The first version of a submarine came from the mind of William Bourne, an English manager for an inn and magnificent scientist. He was an English mathematician, innkeeper and former Royal Navy gunner who invented the first navigable submarine and wrote important navigational manuals. He is often called William Bourne of Gravesend. His design, detailed in his book Inventions and Devises published in 1578, was one of the first recorded plan for an underwater navigation vehicle. He designed an enclosed craft capable of submerging by decreasing the overall volume (rather than flooding chambers as in modern submarines), and being rowed underwater. Bourne described a ship with a wooden frame covered in waterproofed leather, but the description was a general principle rather than a detailed plan. However, Bourne's concept of an underwater rowing boat was put into action by the Dutchman Cornelius Drebbel in 1620, and Nathaniel Symons demonstrated a 'sinking boat' in 1729 using the expanding and contracting volume of the boat to submerge. The submarine was the subject of a modern-day recreation on season 3 of "The Re-Inventors" TV show, episode "Bourne Submarine". The recreation had limited functionality before it sank when water pressure ruptured some membranes on a test descent.

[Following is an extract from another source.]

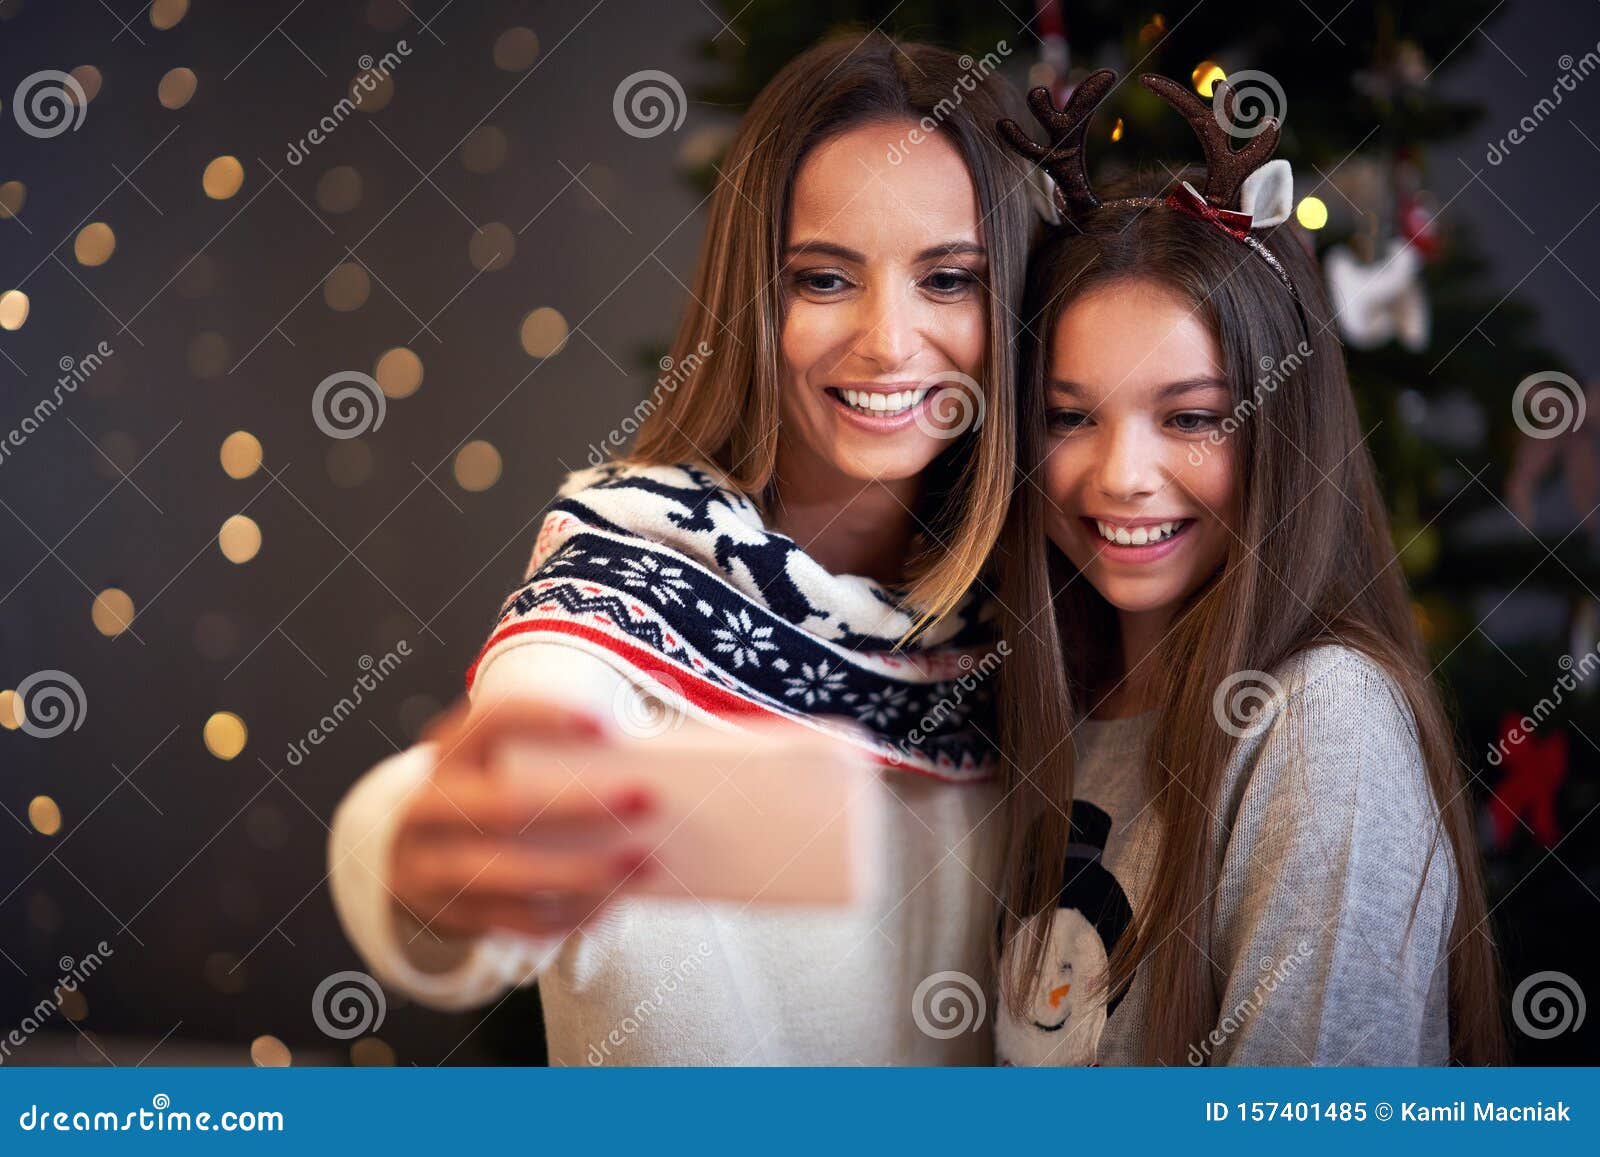 Madre E Hija Celebrando Navidad En Casa Y Tomando Selfie Imagen De Archivo Imagen De Navidad

                                        early submarines: William Bourne
Some years later, this drawing purported to be Bourne's scheme: leather-wrapped pads which can be screwed in toward the centerline to create a flooded chamber, and screwed out to expel the water and seal the opening.
However, Bourne wrote of expanding and contracting structures, not flooding chambers – and submarines built in England in 1729 and France in 1863 conformed with his idea exactly.

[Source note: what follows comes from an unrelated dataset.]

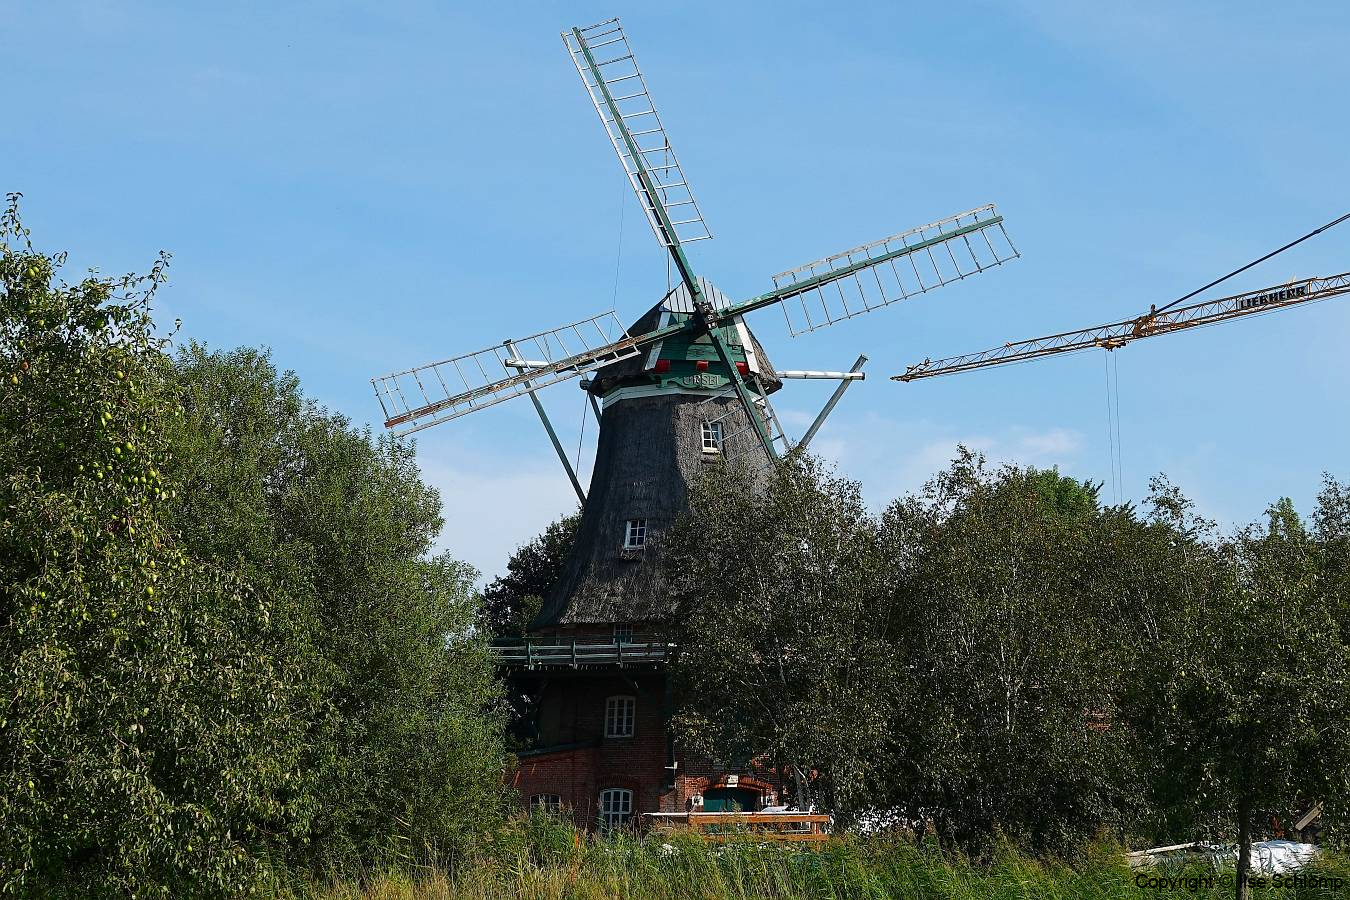 Cuxland, Loxstedt-Dedesdorf-Eidewarden 2020, Windmühle

You may not know, but in the time of William Bourne, the song Yellow Submarine was written. It was not an original by the Beatles. Here's the original excerpt of William Bourne's poem.
In the town where Willy was born,
Lived a man who sailed to sea, (The poet was actually talking about William Bourne here)
And he told us of his life,
In the land of submarines,
So he made some blue prints
Near the sea with submarines,

He made the first model out of steel
then used the color on the leaves
cause he was color blind
and saw the sea green,

So after his first model sank
he lived beneath the waves,
In his green submarine.

1 comment:

  1. Very cool! I like the parody!!! Pretty ingenious invention. Things like this are great examples to show us why music became more advanced as well during this time!